Nelson Building Society
- Company type: Building society (Mutual)
- Industry: Financial services
- Founded: 1862
- Headquarters: Nelson, Nelson, New Zealand
- Number of locations: 8 branches
- Area served: South Island, New Zealand
- Website: http://www.nbs.co.nz

= Nelson Building Society =

Building society in New Zealand

NBS (or Nelson Building Society) is the oldest building society in New Zealand. The head office is located in Nelson, New Zealand.

NBS provides personal, business and community banking services to local people, including transactional and savings accounts, term investments and home and business loans. They have eight branches located in the high streets of Nelson, Richmond, Motueka, Tākaka, Murchison, Westport, Greymouth and Ashburton.

As a ‘mutual’ institution, NBS is owned by its clients and reinvests its profits back into the community through sponsorships and grants to sporting, arts, health, educational, and environmental organisations.
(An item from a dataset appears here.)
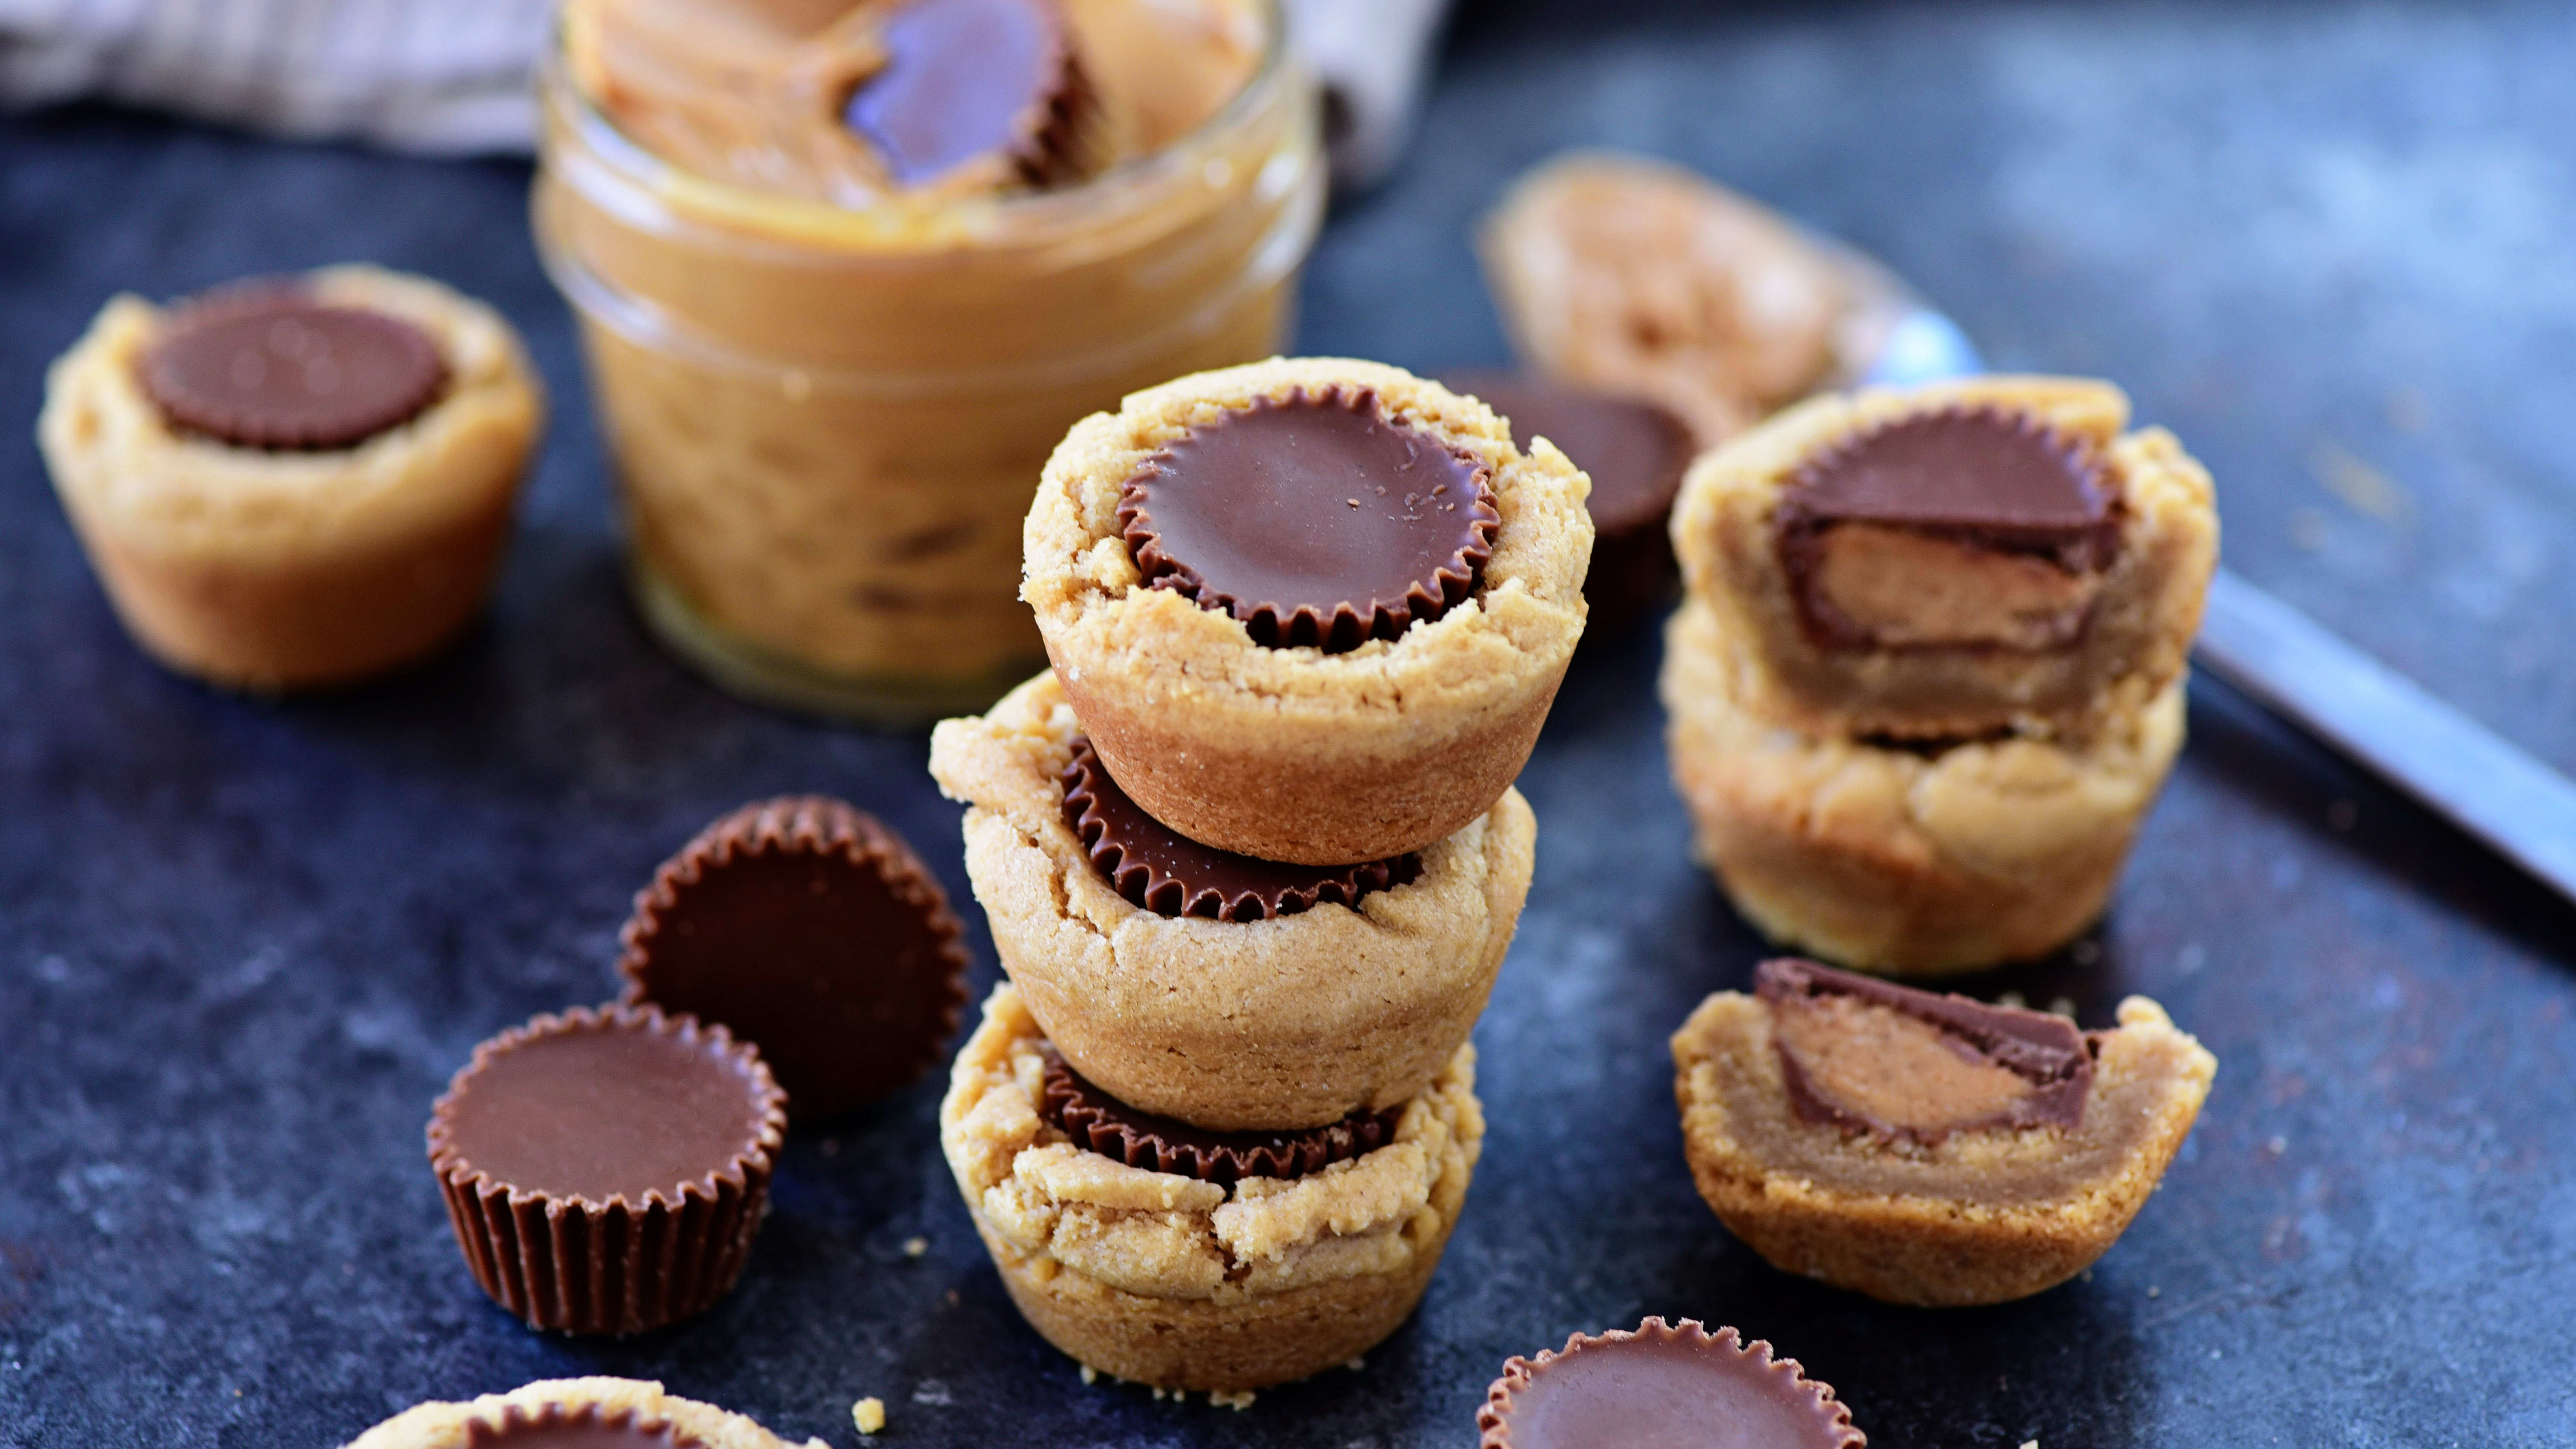 Peanut Butter Cookies – Baked In A Muffin Tin! - Chocolate Covered Katie

NBS has invested over $8 million back into the community over the last 10 years.

== History ==
The Permanent Building Society of Nelson was founded in 1862. During a period of rapid growth in the region, its purpose was to help people into homes and support new business.

In 2022 NBS celebrated 160 years of continuous service to its communities.

== Branches ==
NBS has eight branches, all located in the South Island. The branches are located in:

- Nelson
- Richmond
- Motueka
- Murchison
- Westport
- Greymouth
- Tākaka
- Ashburton

== Community sponsorship and grants ==
NBS provides sponsorship and grants to not for profit organisations and groups who operate in the regions that they serve. Recipients of sponsorship and grants include Nelson Giants, the Tasman Rugby Union, the Brook Waimārama Sanctuary, Nelson-Tasman Hospice along with many smaller grass roots organisations such as the Kawatiri Group Riding for the Disabled, the Golden Bay Community Service Vehicle Trust and Cultural Conversations.